Short corsets have been used as light corsets for sleeping or light corsets that may be used next to the skin or over clothing. There are also elastic girdle belt styles that have been used on the inside of shape-enhancing garments, on their own as shapeware (items designed to be worn under and not be visible that help smooth, shape the figure to improve look of the wearer.)

There are a number of modern fashions that resemble the styles of the past, from wide elastic belts to actual modern corsets. The trend and styling of these belts moves rather quickly but the basic design remains the same: elastic in the back with some sort of closure in the front meant to define the waist or accent an outfit.

The more traditional boned styles of corset still exist in modern corset making. The corset styles that best represent this classic waist cincher fashion are 'Spanish belts' that can also come with elastic in the back, and act very much like the more modern belt-like styles.

More classic corset styles from which lighter corsets have adopted their fit and function are still available. They work basically the same way as the elastic and lighter styles, accenting an outfit or defining a waist, but they also offer better back support. Some serve as a fashionable alternative to certain kinds of medical back braces; these styles include the 'French underbust' and the 'long line underbust'.

==The "New Look"==

Dior's "New Look" brought the waist cincher to popularity around 1947. In his autobiography, Dior wrote: "I designed clothes for flower-like women, with rounded shoulders, full feminine busts, and hand-span waists above enormous spreading skirts".

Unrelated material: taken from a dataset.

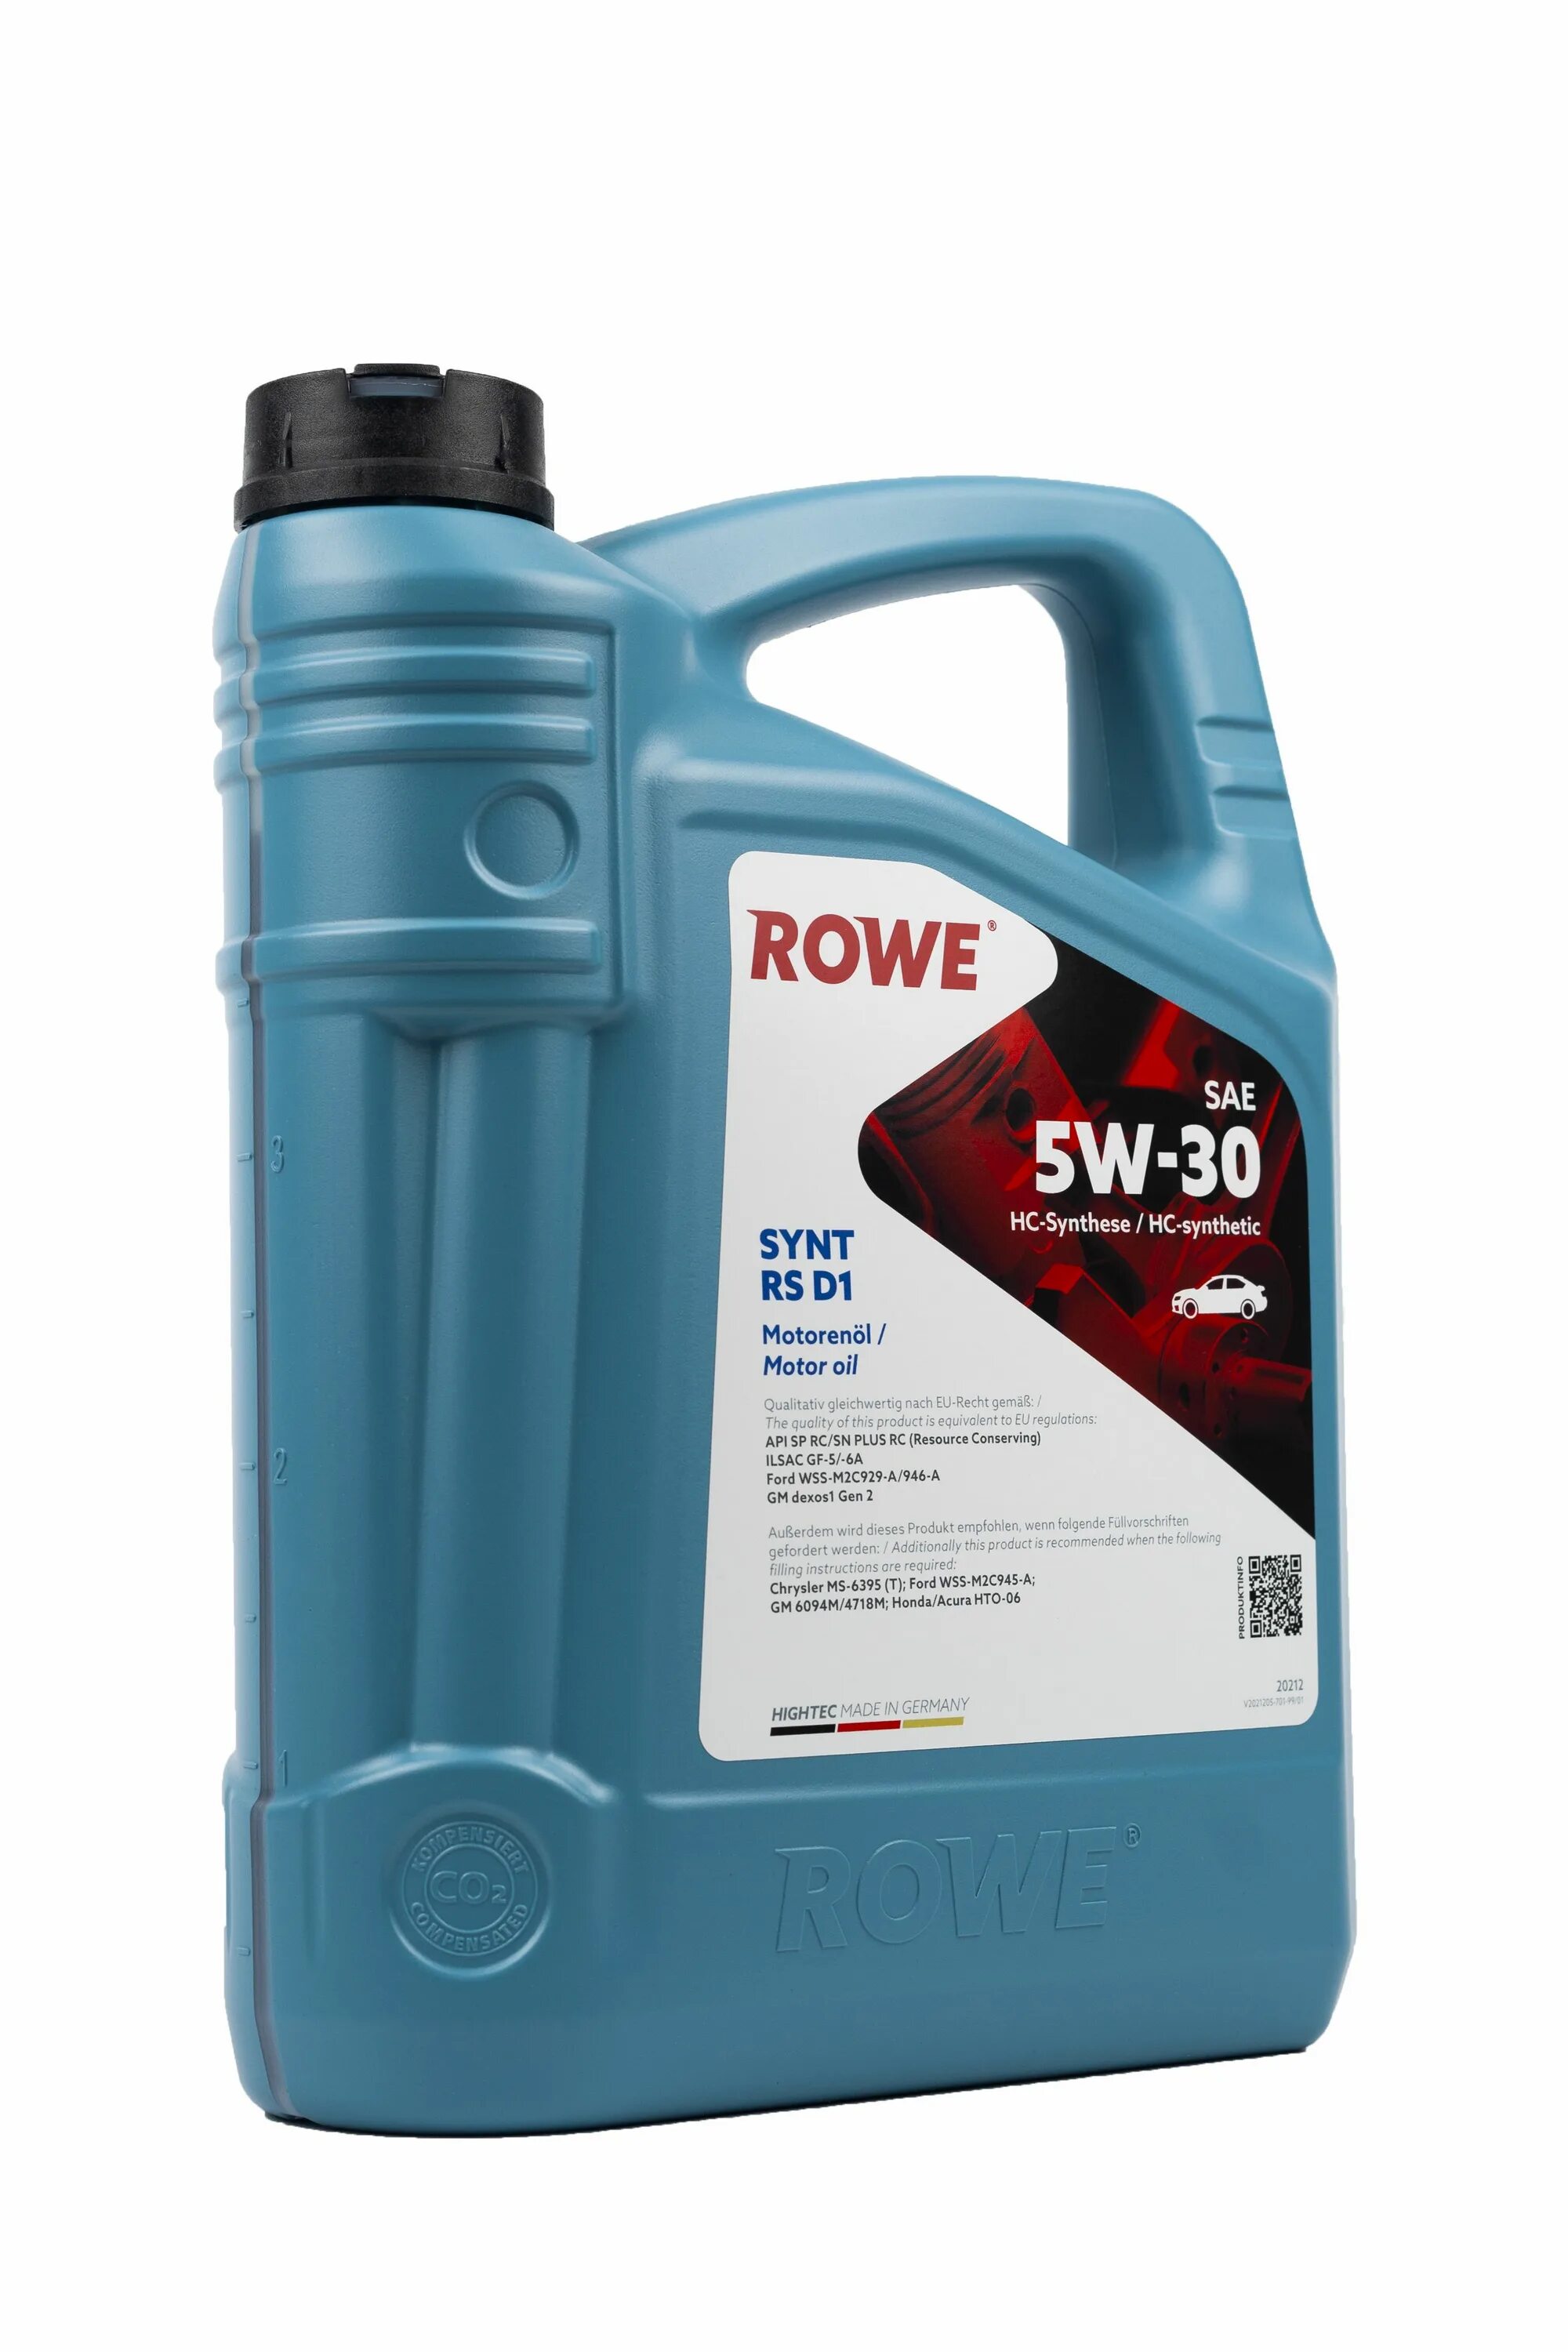 Масло rowe rs. Rowe 5w30 Synt. Synt RS d1 5w-30 Rowe. Rowe 5w30 Ford. Hightec Synt RS d1 SAE 5w-30.

The hand-span waists so beloved by Dior were achieved by foundation garments, of which the most popular was the waist cincher. Called the "waspie" or "guepiere", it became the quintessential undergarment of the "New Look". Boned and back-laced, it differed from the Victorian corset of decades past primarily in its length, usually only 6 to 7 inches. Fashion magazines of the time stressed that it was "super-light weight" and contained "feather boning". Such garments were worn tightly cinched at the waist, usually over a girdle. The combination was described by Anne Fogarty, an American dress designer who popularized the "New Look" in the US: "To maintain your figure at its flattering best, depend on foundation garments to control and distribute; a cinch or tight belt to restrain."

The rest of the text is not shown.